It’s a puzzle that government officials and professionals in the architecture and engineering fields are trying to solve: gameday parking at the future site of the Las Vegas Raiders stadium.

Local high schoolers may have the solution.

Almost three dozen Las Vegas Valley junior and senior students—tasked with designing a parking facility at the stadium site—were honored April 18 at UNLV’s School of Architecture for the local chapter of the American Institute of Architects’ High School Design Awards. The 45th-annual awards included more than $2,000 in prize money distributed among five award winners.

“We try to make this as relevant and interesting as possible,” said Ryan Sisti, the awards show’s chairman, who came up with the task this year. “Complicated or not, we want the students to be passionate about the project they’re working on.”

High school architecture students in the competition had about two months to craft a full proposal project, including a name, description and graphic rendering of the structures adjacent to and across the street from the future football stadium. Entrants could be from architecture or specialized art classes at any high school in Southern Nevada, not just public schools in the Clark County School District. Prizes were given in both team and individual categories.

Smiling with a certificate in hand and $500 promised in prize money, Southeast Career and Technical Academy seniors Renae Sebastian, 18, Deangelo Mortel, 17, and Spencer Ossa, 17, posed for pictures with teacher Rosemary Czar. The trio of students represented a team of 10 Southeast Tech students that worked each day for almost two months to design Radiant, a project that included a parking garage and retail space across Las Vegas Boulevard to keep Las Vegas Raiders fans around the stadium before, during and after the team’s games.

The Southeast Tech team credited its project’s success in part to clear renderings and graphic design produced by Adobe Photoshop, a program team members learned on the fly while creating their project.
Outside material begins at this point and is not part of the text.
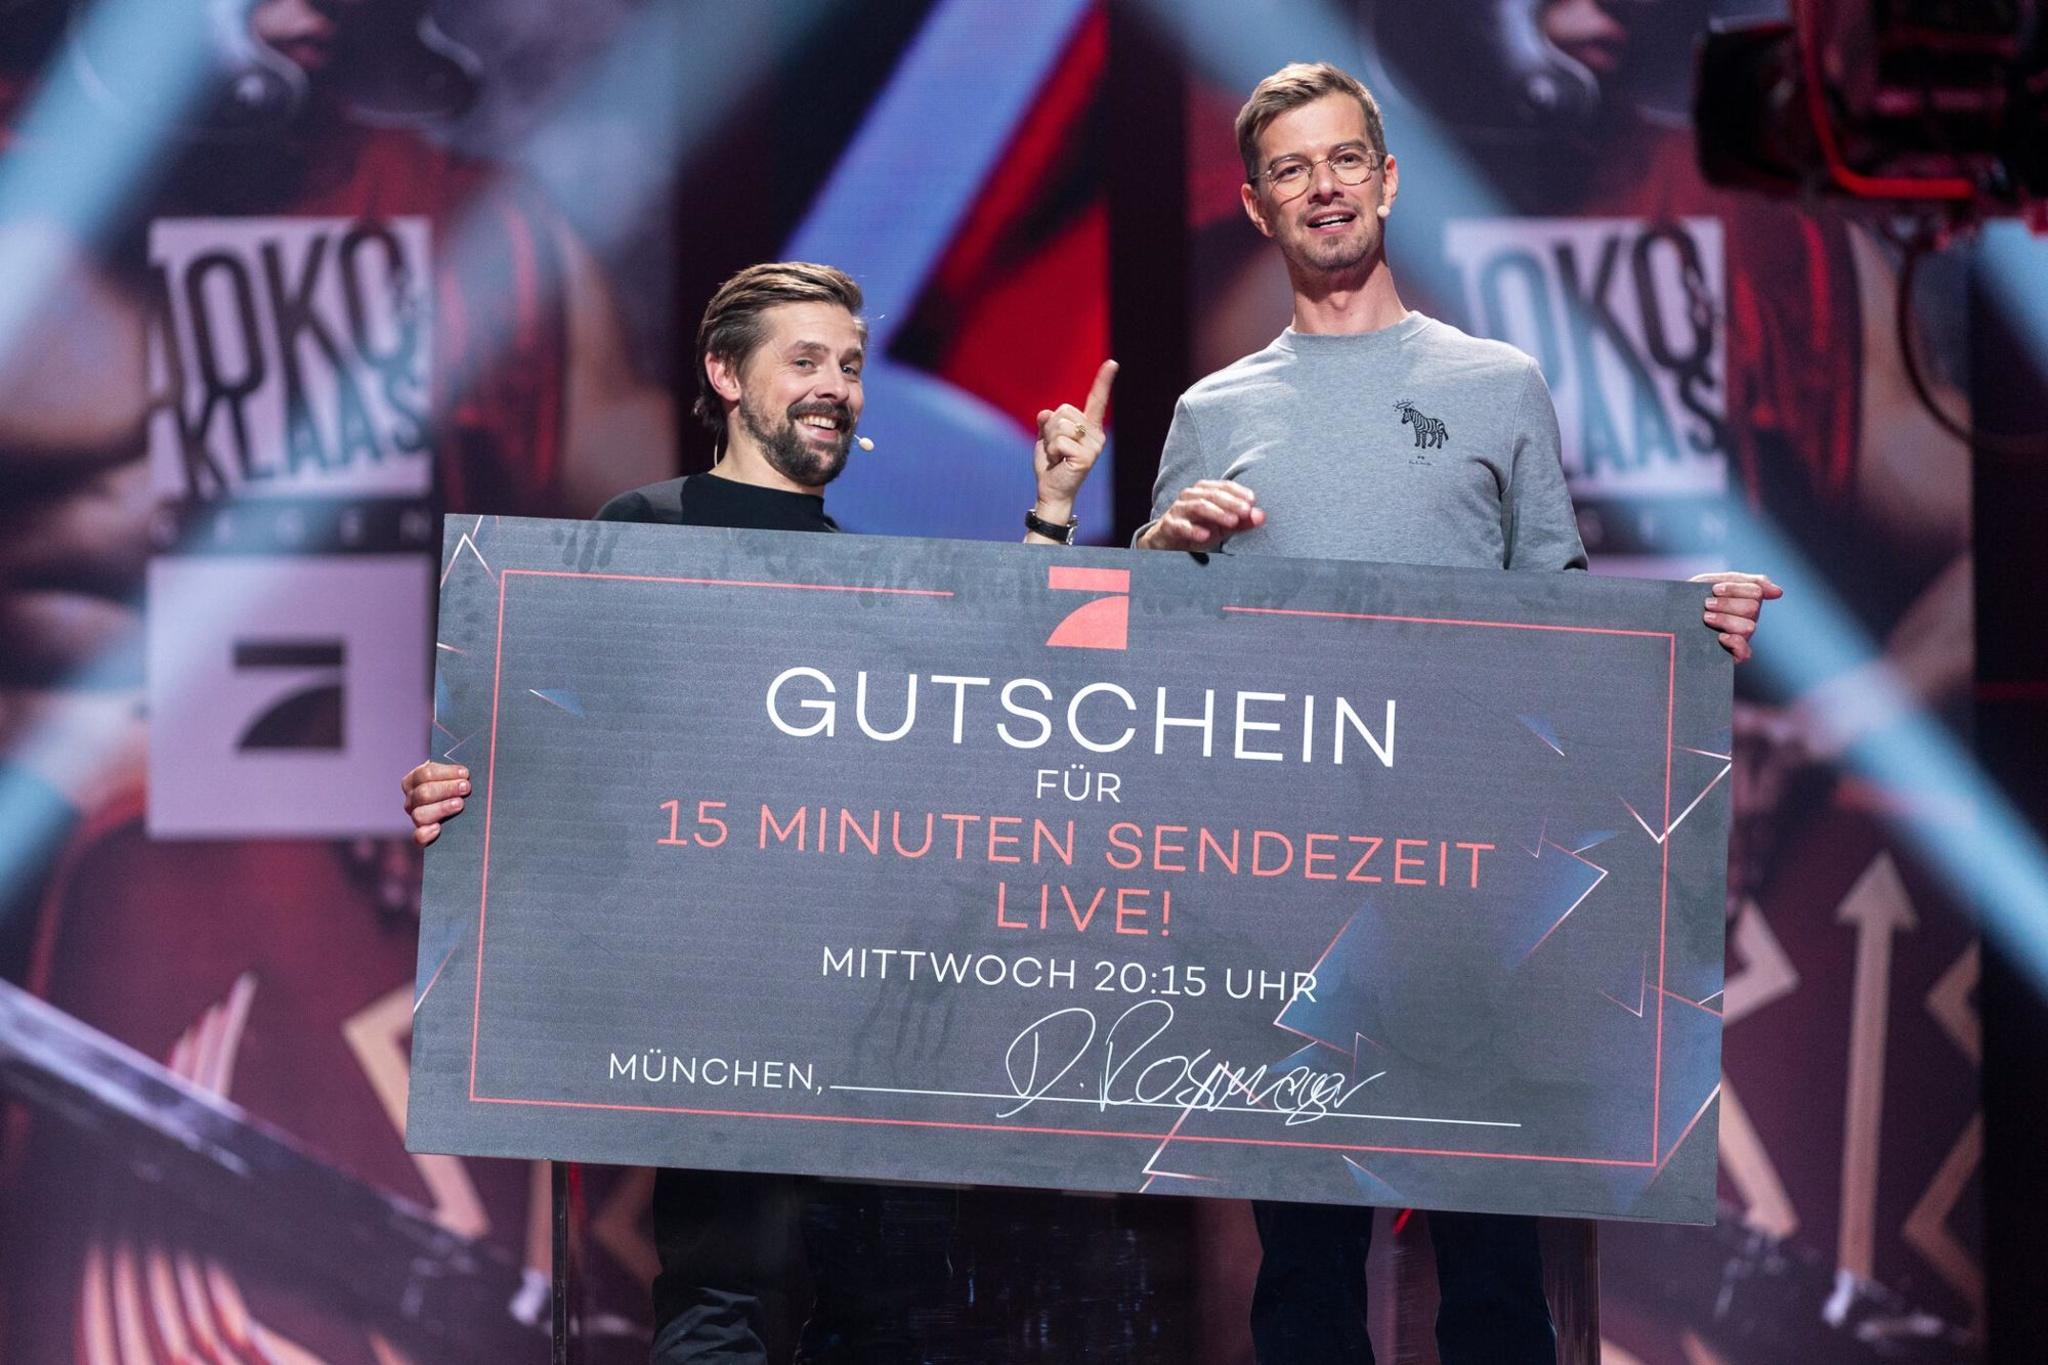 Einschaltquoten Joko Klaas Starten Stark In Neue Staffel
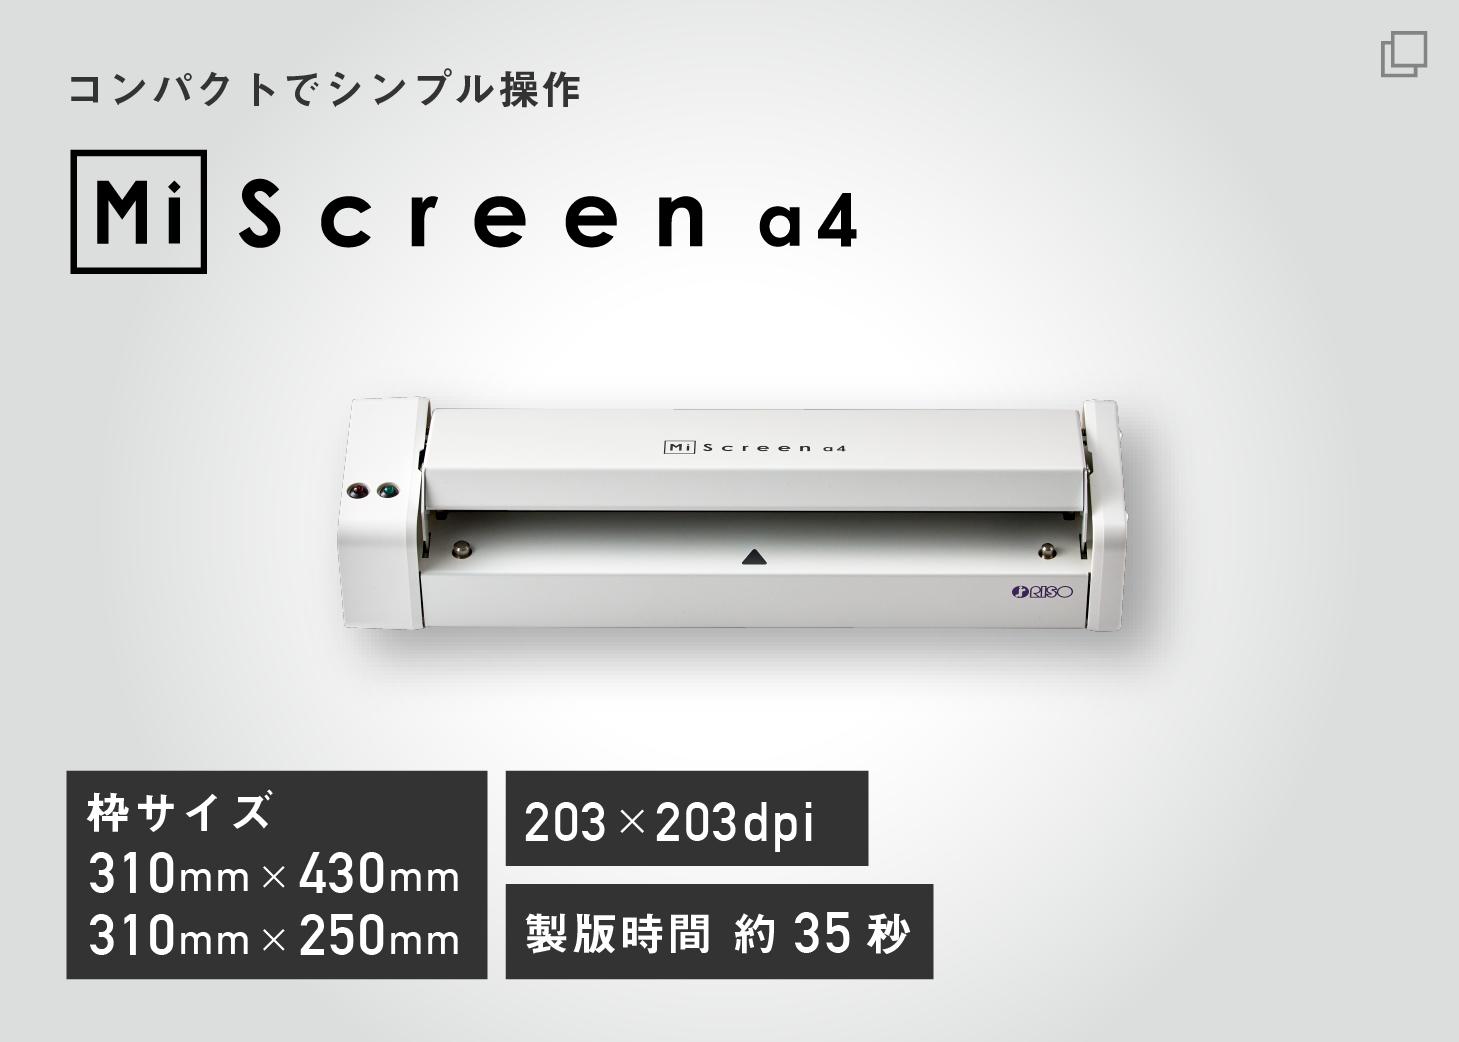 MiScreena4製品情報リンク

Radiant came just one year after the now-senior trio said they tried, but failed, to submit an adequate project for last year’s High School Design Awards.

“It felt great to win this year,” Ossa said. “I think last year we were just feeling out the waters and seeing how the competition is.”

“They have worked so hard for this,” added Czar, the Southeast Tech architecture teacher. “They went above and beyond and really earned it.”

Northwest Career and Technical Academy junior Genesis Villar, 17, worked for just one month on her project, but used after-school hours and weekends to design 17 graphics for her parking facility. The extra time and hard work earned Villar $1,000 and the competition’s honor award—the highest individual prize of the evening.

Villar, who took architecture class as “something fun on the side,” said she aspires to be a computer engineer.

“There’s always the chance that something goes wrong with a project this big, but I thought everything came out really well,” she said. “I wasn’t sure at first if I would win, but this is an amazing feeling.”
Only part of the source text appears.